Posted in Blog on May 25, 2018

The California Department of Forestry and Fire Protection (CAL FIRE) investigators have determined Pacific Gas and Electric (PG&E) to be responsible for three Northern California fires in Butte and Nevada counties that occurred in October 2017. Fire officials announced the cause of the fires as PG&E power lines coming into contact with trees, noting that in some cases, the utility giant failed to remove trees or provide adequate clearance from power lines.

Investigations were conducted for the La Porte Fire, Butte County; Honey Fire, Butte County; McCourtney Fire, Nevada County; and the Lobo Fire, Nevada County which in total burned 9,390 acres and destroyed 134 structures. The fires were among more than 170 blazes that destroyed over 245,000 acres in Northern California last October. Cal Fire findings are still pending in most of those cases.

Below is a summary of the four completed investigations released by CAL FIRE:

  • The La Porte Fire, in Butte County, started in the early morning hours of Oct. 9 and burned a total of 8,417 acres, destroying 74 structures. There were no injuries to civilians or firefighters. CAL FIRE has determined the fire was caused by tree branches falling onto PG&E power lines. CAL FIRE investigators determined there were no violations of state law related to the cause of this fire.

 

  • The McCourtney Fire, in Nevada County, started the evening of Oct. 8 and burned a total of 76 acres, destroying 13 structures. There were no injuries to civilians or firefighters. CAL FIRE has determined the fire was caused by a tree falling onto PG&E power lines. The investigation found evidence that PG&E allegedly failed to remove a tree from the proximity of a power line, in violation of the state Public Resources Code section 4293.

 

  • The Lobo Fire, in Nevada County, started the evening of Oct. 8 and burned a total of 821 acres, destroying 47 structures. There were no injuries to civilians or firefighters. CAL FIRE has determined the fire was caused by a tree contacting PG&E power lines. The investigation found evidence that Public Resources Code section 4293, which requires adequate clearance between trees and power lines, was allegedly violated.

 

  • The Honey Fire, in Butte County, started in the early morning hours of Oct. 9 and burned a total of 76 acres. There were no injuries to civilians or firefighters and no structures were destroyed. CAL FIRE has determined the fire was caused by an Oak branch contacting PG&E power lines.
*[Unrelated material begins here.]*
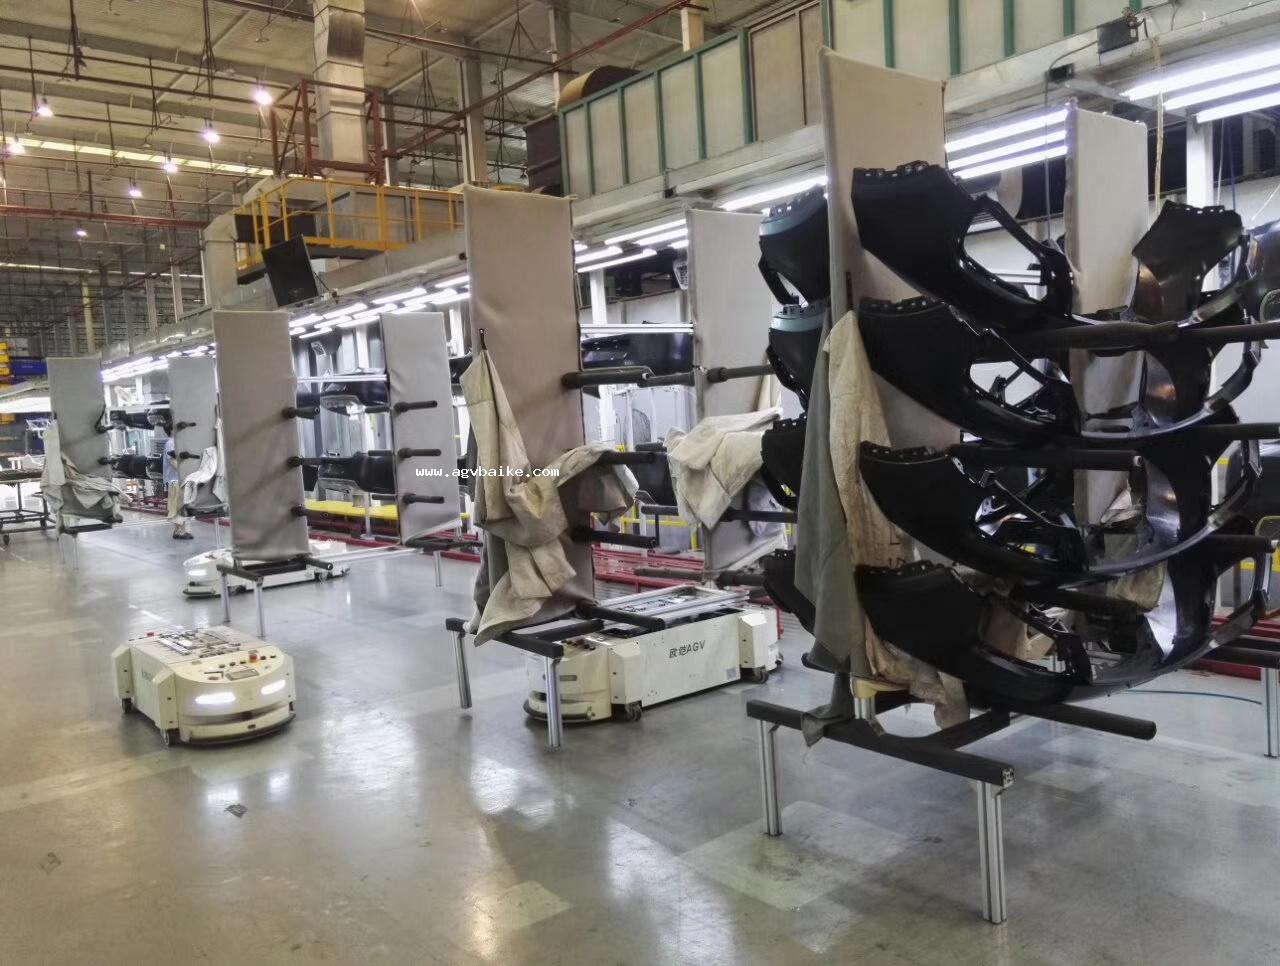 AGV机器人联合运行 自动化再次升级

The investigation found evidence that Public Resources Code 4293, which requires adequate clearance between trees and power lines, was allegedly violated.

In response to CAL FIRE’s findings, PG&E issued a written statement, noting that that it inspects and monitors every overhead line each year and prunes or removes nearly 1.4 million trees annually.

“We look forward to the opportunity to carefully review the Cal Fire reports to understand the agency’s perspectives,” PG&E said in a statement. “Based on the information we have so far, we believe our overall programs met our state’s high standards.”

The McCourtney, Lobo, and Honey fire investigations have been referred to the District Attorney’s offices in the appropriate counties for review.